Strengths and limitations

This review has several strengths. It assessed the differences in the number and methodology of clinical studies using PROs in 2 years with ten years interval. Several important guidelines, such as the CONSORT-PRO criteria, were published during those 10 years and could have influenced the reporting of the publications. The review assessed diverse studies with different designs in different countries and in a wide range of patient groups. The findings could thus be used for comparison in the future.

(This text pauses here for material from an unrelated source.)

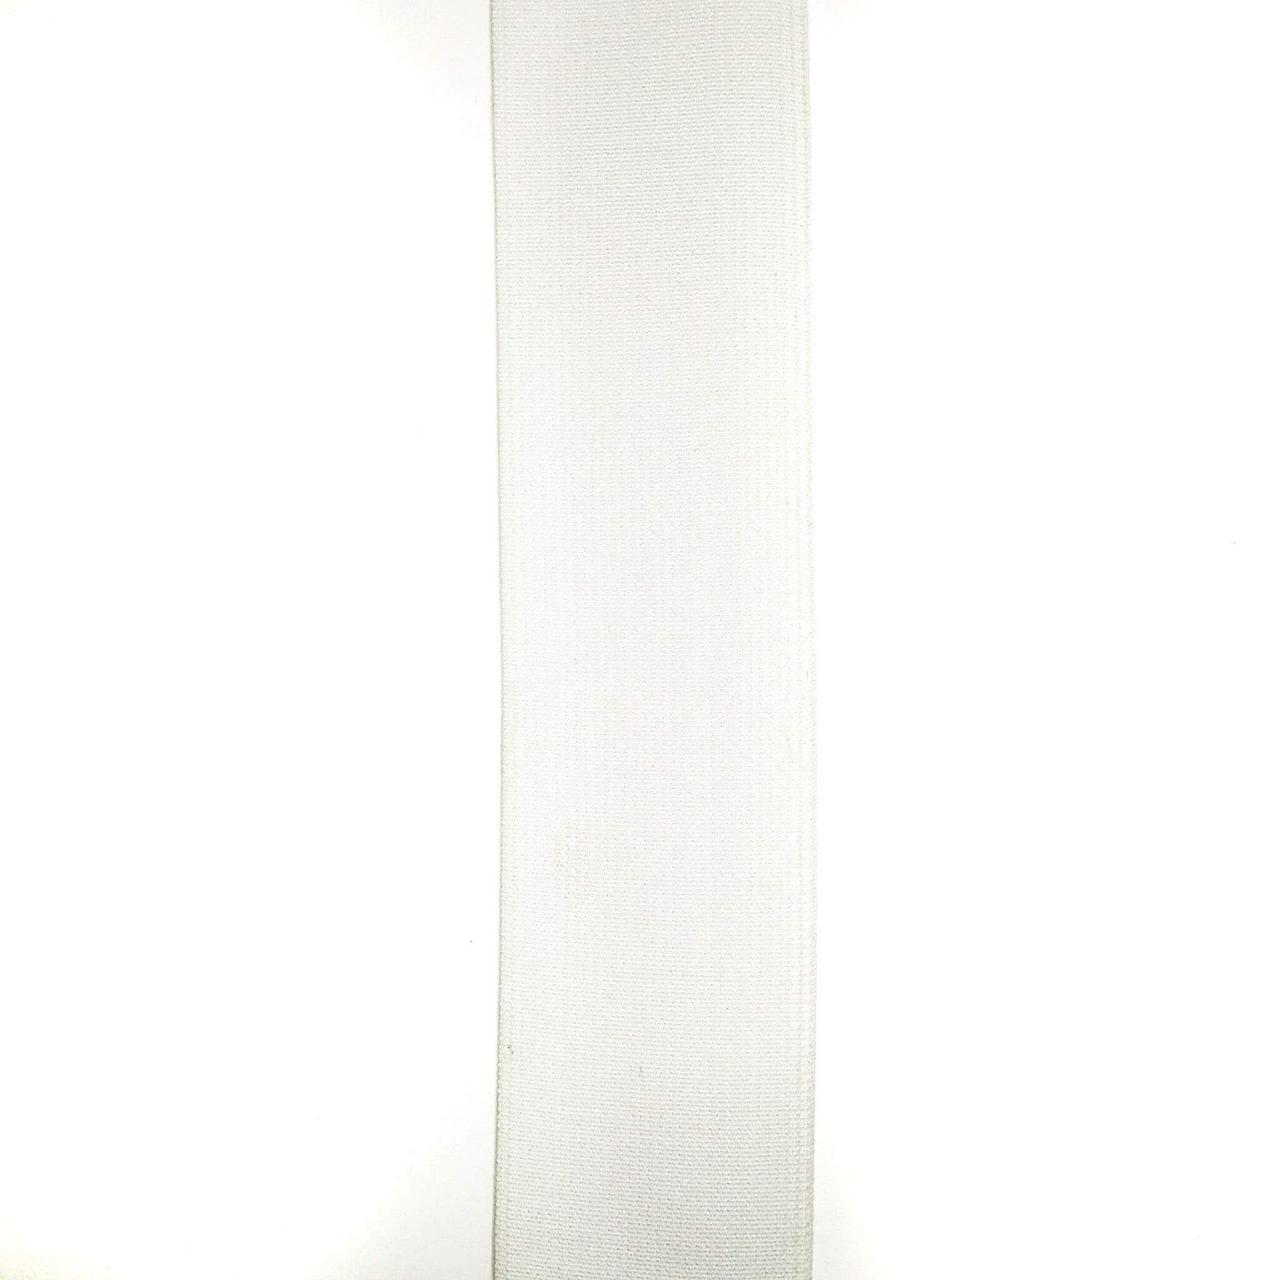 Стрічка еластична 40 мм (50м/рулон)
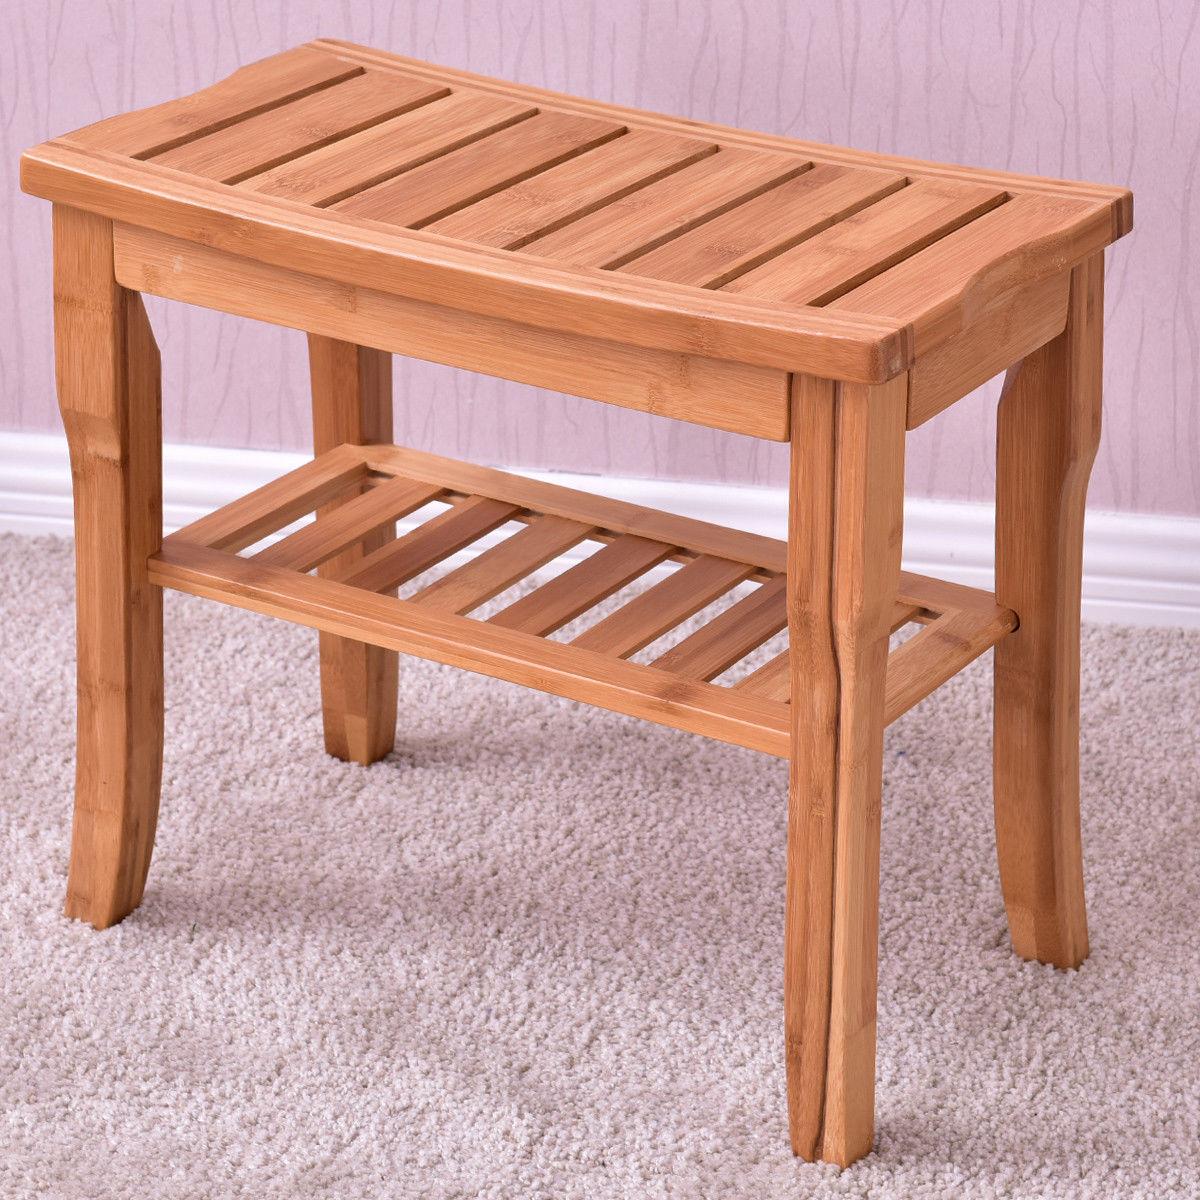 Giantex Bamboo Shower Chair Seat Bench Modern Wood Bathroom Spa Bath ...

Some limitations should be noted. The decision to use only the five PRO-specific criteria from the CONSORT-PRO extension and not the full checklist could be questioned. PRO-specific elaborations presented in the same publication could have been used in addition. Several other CONSORT-PRO criteria also apply to all study designs. However, the intention of this review was not to assess whether the studies complied with the full CONSORT-PRO checklist, but to evaluate the PRO methodology, and for this purpose, the five items were considered sufficient, together with evaluation of other key characteristics such as number of patients included, inclusion of user representatives, and type of PROM used. Several researchers with different backgrounds were involved in the review process. A number of publications included in part I of the review were excluded in part II after closer scrutiny. A more stringent preparation phase could have resulted in a more concise evaluation of eligibility in part I. Furthermore, the review revealed some uncertainty or disagreement about the interpretation and operationalization of the CONSORT-PRO criteria among the reviewers, and a pragmatic approach was chosen. For example, a study would be eligible if it reported on validity or reliability for one of the several PROMs included in the study, but not necessarily for the patient group in question or in the language of administration. Similarly, statistical approaches for dealing with missing data varied from the exclusion of respondents with missing data to the use of more advanced statistical analyses to accommodate missing data, such as linear mixed models. Due to this uncertainty, there were several clarifying discussions during the review process, which could have been exposed at an earlier stage or avoided if we had included pairwise review in the pilot study or in part I, or conducted a pilot test in part II. Finally, the review included studies conducted in European countries that may differ from those conducted in other parts of the world. In addition, publications by systematic search in only one database were included, and searches in other databases could have led to different results. Also, our random selection of 300 publications may not be entirely representative.

Conclusion

The number of clinical studies using PROs in Europe was higher in 2018 than in 2008, and a few methodological aspects seemed to have improved. Altogether, there was little difference between 2008 and 2018 in compliance with the PRO-specific criteria for reporting. Therefore, it seems that published guidelines have had limited impact on the reporting of clinical studies using PROs so far. The large variations in the methodology and reporting of published PRO research may limit the use of PROs to reach its full potential in terms of influence. Higher influence may facilitate the use of PROs to support treatment decisions, health policy, and improve patient care.